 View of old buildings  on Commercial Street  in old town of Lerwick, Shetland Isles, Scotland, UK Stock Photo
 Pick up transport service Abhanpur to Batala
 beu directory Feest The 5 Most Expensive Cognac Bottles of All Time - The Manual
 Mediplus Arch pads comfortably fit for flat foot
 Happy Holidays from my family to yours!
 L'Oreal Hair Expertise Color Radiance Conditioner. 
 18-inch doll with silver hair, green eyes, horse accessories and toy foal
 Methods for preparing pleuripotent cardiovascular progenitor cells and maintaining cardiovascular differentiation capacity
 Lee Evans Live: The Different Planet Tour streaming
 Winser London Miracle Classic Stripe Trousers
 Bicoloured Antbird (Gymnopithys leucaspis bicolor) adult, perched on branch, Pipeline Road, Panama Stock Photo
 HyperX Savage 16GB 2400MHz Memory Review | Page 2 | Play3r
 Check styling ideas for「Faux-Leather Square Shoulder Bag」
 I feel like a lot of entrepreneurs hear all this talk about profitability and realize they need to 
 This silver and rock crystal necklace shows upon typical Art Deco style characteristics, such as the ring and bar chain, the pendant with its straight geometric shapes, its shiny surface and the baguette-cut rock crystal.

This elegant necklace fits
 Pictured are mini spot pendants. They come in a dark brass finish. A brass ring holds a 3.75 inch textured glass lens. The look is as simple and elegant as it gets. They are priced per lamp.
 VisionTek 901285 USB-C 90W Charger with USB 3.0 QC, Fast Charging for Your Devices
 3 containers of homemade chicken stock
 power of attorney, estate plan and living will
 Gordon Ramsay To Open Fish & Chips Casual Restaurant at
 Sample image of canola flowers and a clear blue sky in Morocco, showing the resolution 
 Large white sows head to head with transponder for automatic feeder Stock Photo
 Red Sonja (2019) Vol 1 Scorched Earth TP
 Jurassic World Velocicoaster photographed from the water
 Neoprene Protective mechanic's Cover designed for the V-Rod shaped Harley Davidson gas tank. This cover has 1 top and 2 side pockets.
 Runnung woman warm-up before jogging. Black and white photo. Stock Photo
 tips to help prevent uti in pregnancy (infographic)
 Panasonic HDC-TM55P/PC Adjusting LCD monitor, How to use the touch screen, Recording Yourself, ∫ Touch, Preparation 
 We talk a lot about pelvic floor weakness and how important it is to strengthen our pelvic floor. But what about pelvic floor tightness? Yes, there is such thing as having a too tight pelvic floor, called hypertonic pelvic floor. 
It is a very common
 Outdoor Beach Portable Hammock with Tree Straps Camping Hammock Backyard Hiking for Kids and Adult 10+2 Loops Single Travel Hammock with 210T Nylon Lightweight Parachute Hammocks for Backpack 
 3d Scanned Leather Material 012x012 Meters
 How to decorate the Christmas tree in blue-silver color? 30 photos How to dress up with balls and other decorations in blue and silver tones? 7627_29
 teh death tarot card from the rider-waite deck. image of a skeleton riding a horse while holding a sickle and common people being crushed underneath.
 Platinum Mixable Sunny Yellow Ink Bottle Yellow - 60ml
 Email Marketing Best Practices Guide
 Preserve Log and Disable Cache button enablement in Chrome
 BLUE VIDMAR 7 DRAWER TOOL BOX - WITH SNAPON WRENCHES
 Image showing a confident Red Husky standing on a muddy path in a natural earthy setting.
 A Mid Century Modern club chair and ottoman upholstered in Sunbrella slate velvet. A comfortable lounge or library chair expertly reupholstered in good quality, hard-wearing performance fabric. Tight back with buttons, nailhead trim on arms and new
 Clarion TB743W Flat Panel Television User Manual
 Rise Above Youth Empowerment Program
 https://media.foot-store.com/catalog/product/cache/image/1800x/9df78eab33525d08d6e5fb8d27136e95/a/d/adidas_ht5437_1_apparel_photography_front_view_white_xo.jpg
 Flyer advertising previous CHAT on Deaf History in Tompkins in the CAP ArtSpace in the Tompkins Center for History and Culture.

◆ **What the task asks**
Copy all data exactly, start to finish.

◆ **Answer for the task**
 View of old buildings  on Commercial Street  in old town of Lerwick, Shetland Isles, Scotland, UK Stock Photo
 Pick up transport service Abhanpur to Batala
 beu directory Feest The 5 Most Expensive Cognac Bottles of All Time - The Manual
 Mediplus Arch pads comfortably fit for flat foot
 Happy Holidays from my family to yours!
 L'Oreal Hair Expertise Color Radiance Conditioner. 
 18-inch doll with silver hair, green eyes, horse accessories and toy foal
 Methods for preparing pleuripotent cardiovascular progenitor cells and maintaining cardiovascular differentiation capacity
 Lee Evans Live: The Different Planet Tour streaming
 Winser London Miracle Classic Stripe Trousers
 Bicoloured Antbird (Gymnopithys leucaspis bicolor) adult, perched on branch, Pipeline Road, Panama Stock Photo
 HyperX Savage 16GB 2400MHz Memory Review | Page 2 | Play3r
 Check styling ideas for「Faux-Leather Square Shoulder Bag」
 I feel like a lot of entrepreneurs hear all this talk about profitability and realize they need to 
 This silver and rock crystal necklace shows upon typical Art Deco style characteristics, such as the ring and bar chain, the pendant with its straight geometric shapes, its shiny surface and the baguette-cut rock crystal.

This elegant necklace fits
 Pictured are mini spot pendants. They come in a dark brass finish. A brass ring holds a 3.75 inch textured glass lens. The look is as simple and elegant as it gets. They are priced per lamp.
 VisionTek 901285 USB-C 90W Charger with USB 3.0 QC, Fast Charging for Your Devices
 3 containers of homemade chicken stock
 power of attorney, estate plan and living will
 Gordon Ramsay To Open Fish & Chips Casual Restaurant at
 Sample image of canola flowers and a clear blue sky in Morocco, showing the resolution 
 Large white sows head to head with transponder for automatic feeder Stock Photo
 Red Sonja (2019) Vol 1 Scorched Earth TP
 Jurassic World Velocicoaster photographed from the water
 Neoprene Protective mechanic's Cover designed for the V-Rod shaped Harley Davidson gas tank. This cover has 1 top and 2 side pockets.
 Runnung woman warm-up before jogging. Black and white photo. Stock Photo
 tips to help prevent uti in pregnancy (infographic)
 Panasonic HDC-TM55P/PC Adjusting LCD monitor, How to use the touch screen, Recording Yourself, ∫ Touch, Preparation 
 We talk a lot about pelvic floor weakness and how important it is to strengthen our pelvic floor. But what about pelvic floor tightness? Yes, there is such thing as having a too tight pelvic floor, called hypertonic pelvic floor. 
It is a very common
 Outdoor Beach Portable Hammock with Tree Straps Camping Hammock Backyard Hiking for Kids and Adult 10+2 Loops Single Travel Hammock with 210T Nylon Lightweight Parachute Hammocks for Backpack 
 3d Scanned Leather Material 012x012 Meters
 How to decorate the Christmas tree in blue-silver color? 30 photos How to dress up with balls and other decorations in blue and silver tones? 7627_29
 teh death tarot card from the rider-waite deck. image of a skeleton riding a horse while holding a sickle and common people being crushed underneath.
 Platinum Mixable Sunny Yellow Ink Bottle Yellow - 60ml
 Email Marketing Best Practices Guide
 Preserve Log and Disable Cache button enablement in Chrome
 BLUE VIDMAR 7 DRAWER TOOL BOX - WITH SNAPON WRENCHES
 Image showing a confident Red Husky standing on a muddy path in a natural earthy setting.
 A Mid Century Modern club chair and ottoman upholstered in Sunbrella slate velvet. A comfortable lounge or library chair expertly reupholstered in good quality, hard-wearing performance fabric. Tight back with buttons, nailhead trim on arms and new
 Clarion TB743W Flat Panel Television User Manual
 Rise Above Youth Empowerment Program
 https://media.foot-store.com/catalog/product/cache/image/1800x/9df78eab33525d08d6e5fb8d27136e95/a/d/adidas_ht5437_1_apparel_photography_front_view_white_xo.jpg
 Flyer advertising previous CHAT on Deaf History in Tompkins in the CAP ArtSpace in the Tompkins Center for History and Culture.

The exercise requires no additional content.